Literature DB >> 19218552

Multiple roles for polypyrimidine tract binding (PTB) proteins in trypanosome RNA metabolism.

Michael Zeev Stern1, Sachin Kumar Gupta, Mali Salmon-Divon, Tomer Haham, Omer Barda, Sarit Levi, Chaim Wachtel, Timothy W Nilsen, Shulamit Michaeli.   

Abstract

Trypanosomatid genomes encode for numerous proteins containing an RNA recognition motif (RRM), but the function of most of these proteins in mRNA metabolism is currently unknown. Here, we report the function of two such proteins that we have named PTB1 and PTB2, which resemble the mammalian polypyrimidine tract binding proteins (PTB). RNAi silencing of these factors indicates that both are essential for life. PTB1 and PTB2 reside mostly in the nucleus, but are found in the cytoplasm, as well. Microarray analysis performed on PTB1 and PTB2 RNAi silenced cells indicates that each of these factors differentially affects the transcriptome, thus regulating a different subset of mRNAs. PTB1 and PTB2 substrates were categorized bioinformatically, based on the presence of PTB binding sites in their 5' and 3' flanking sequences.
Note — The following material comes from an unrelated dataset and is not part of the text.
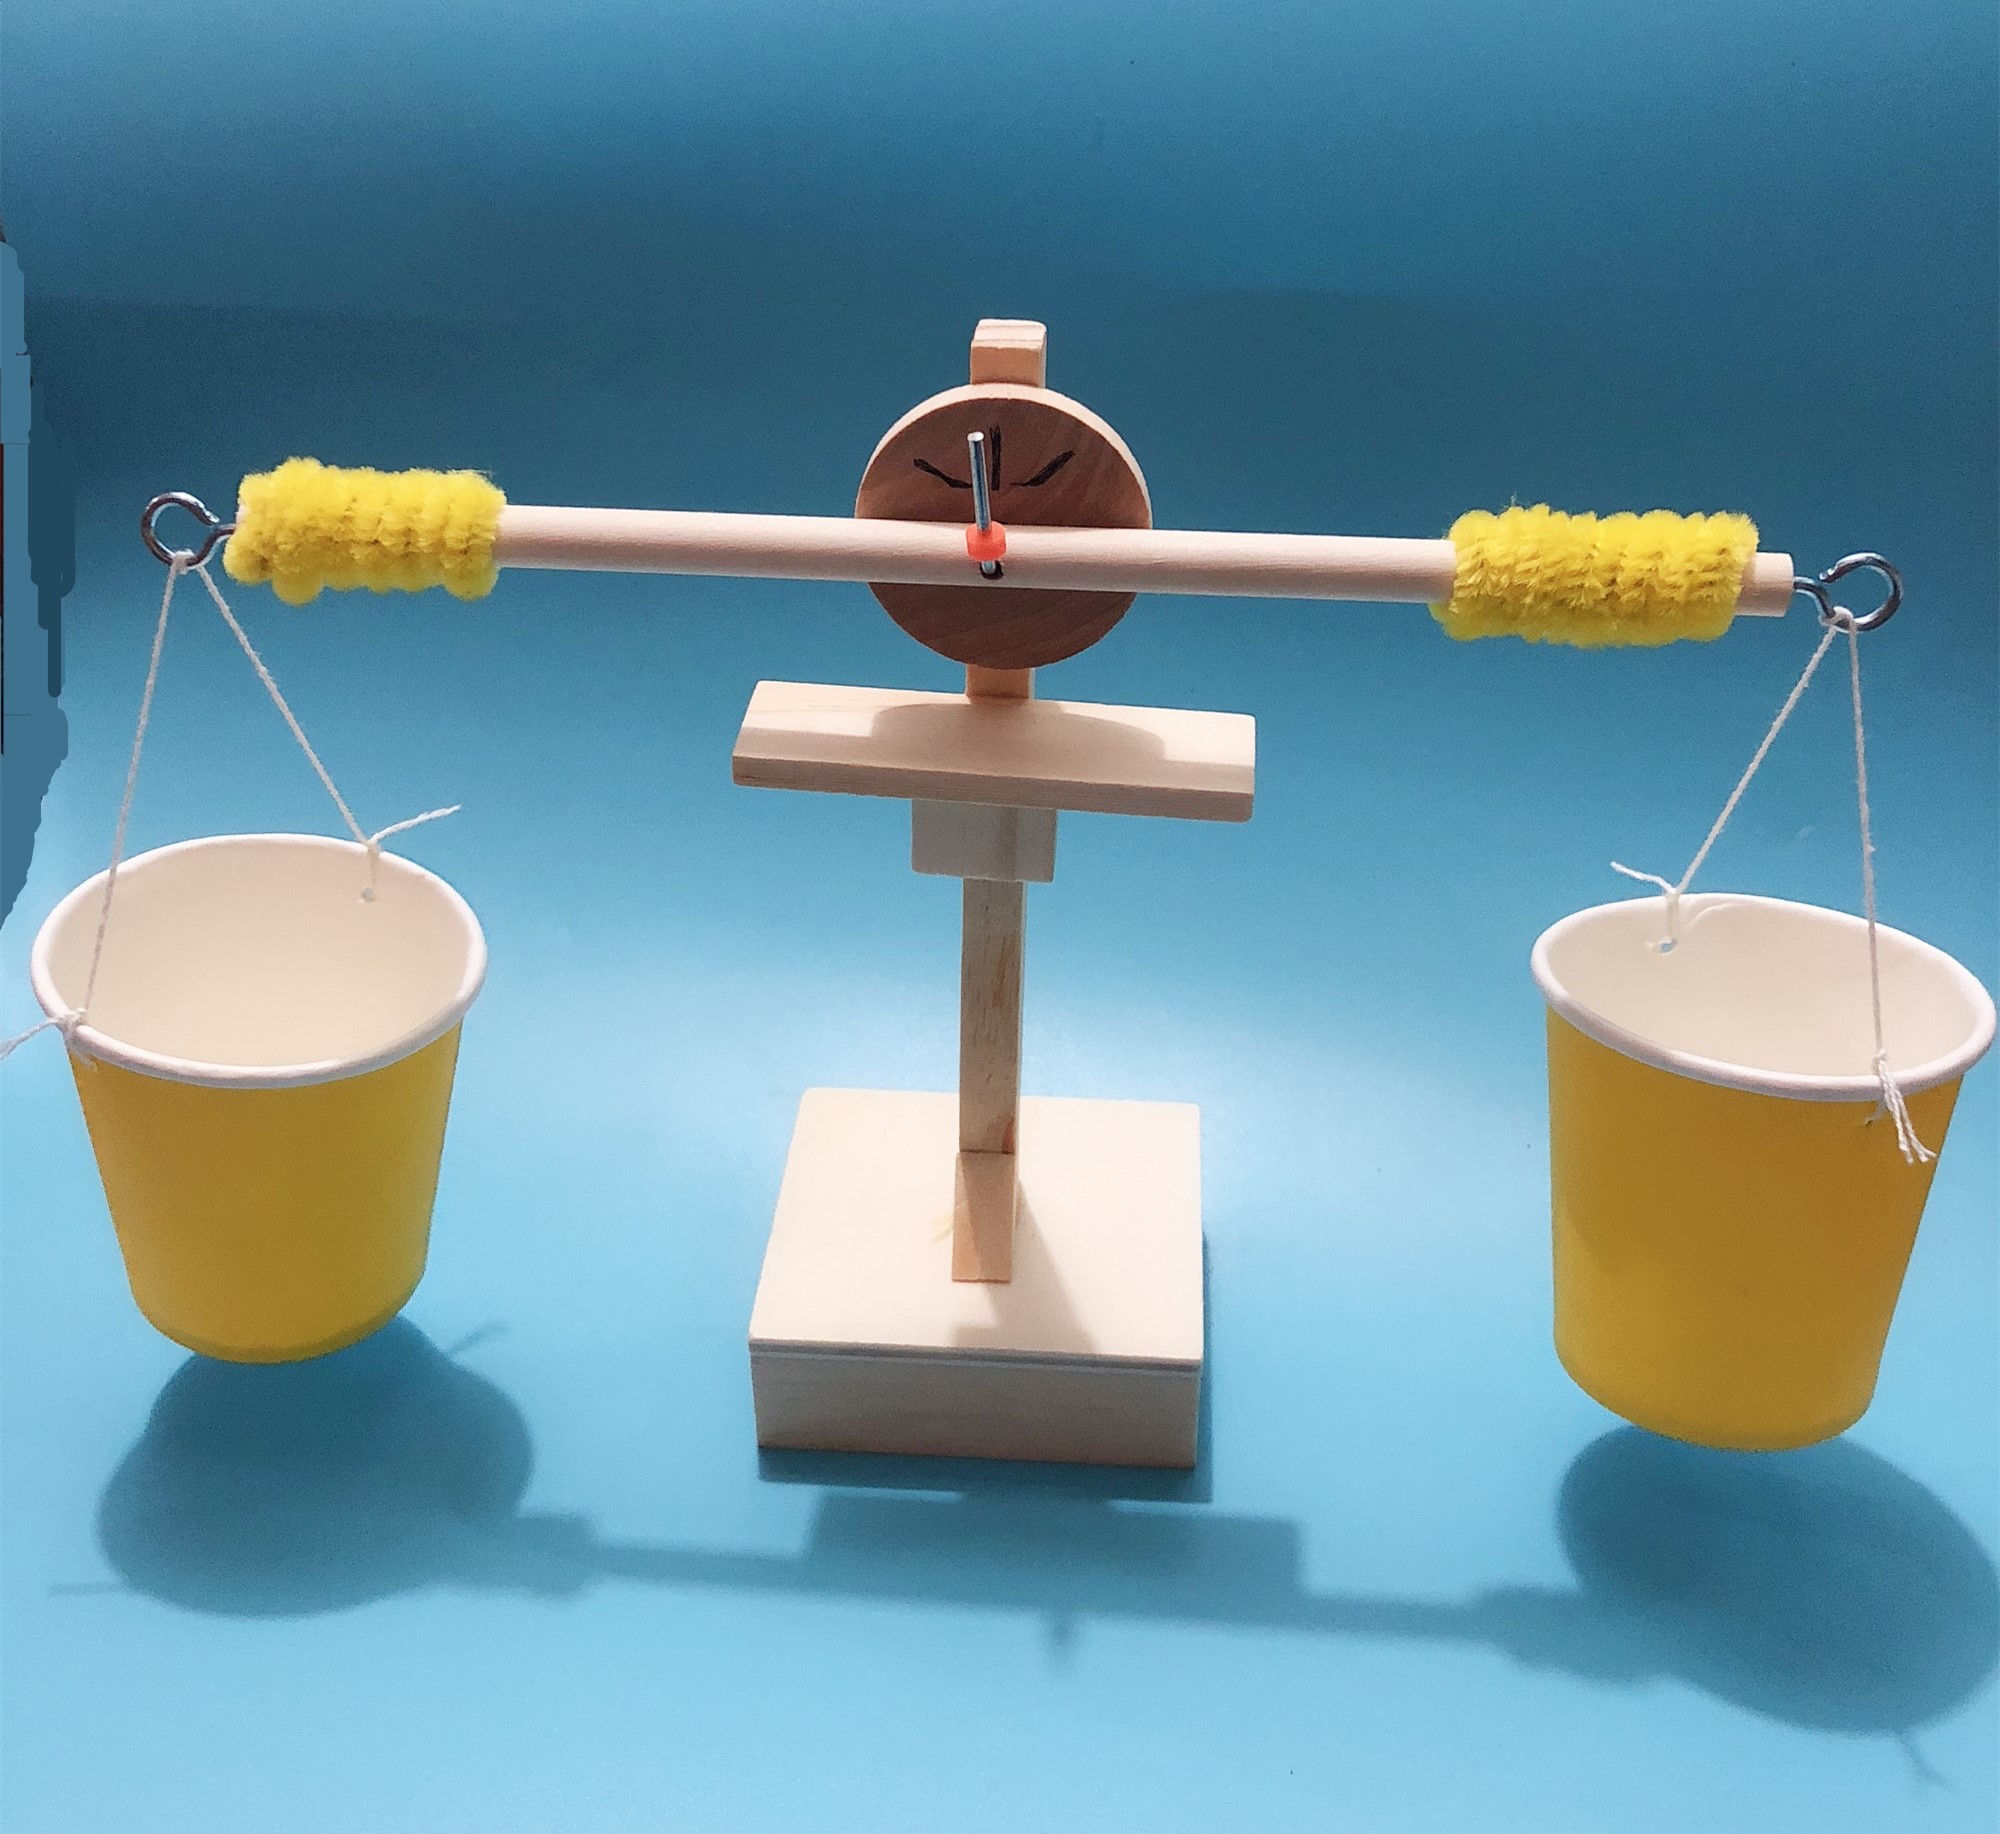 天平小制作 diy科技小发明学生科学实验儿童手工器材料模型玩具

Both proteins were shown to regulate mRNA stability. Interestingly, PTB proteins are essential for trans-splicing of genes containing C-rich polypyrimidine tracts. PTB1, but not PTB2, also affects cis-splicing. The specificity of binding of PTB1 was established in vivo and in vitro using a model substrate. This study demonstrates for the first time that trans-splicing of only certain substrates requires specific factors such as PTB proteins for their splicing. The trypanosome PTB proteins, like their mammalian homologs, represent multivalent RNA binding proteins that regulate mRNAs from their synthesis to degradation.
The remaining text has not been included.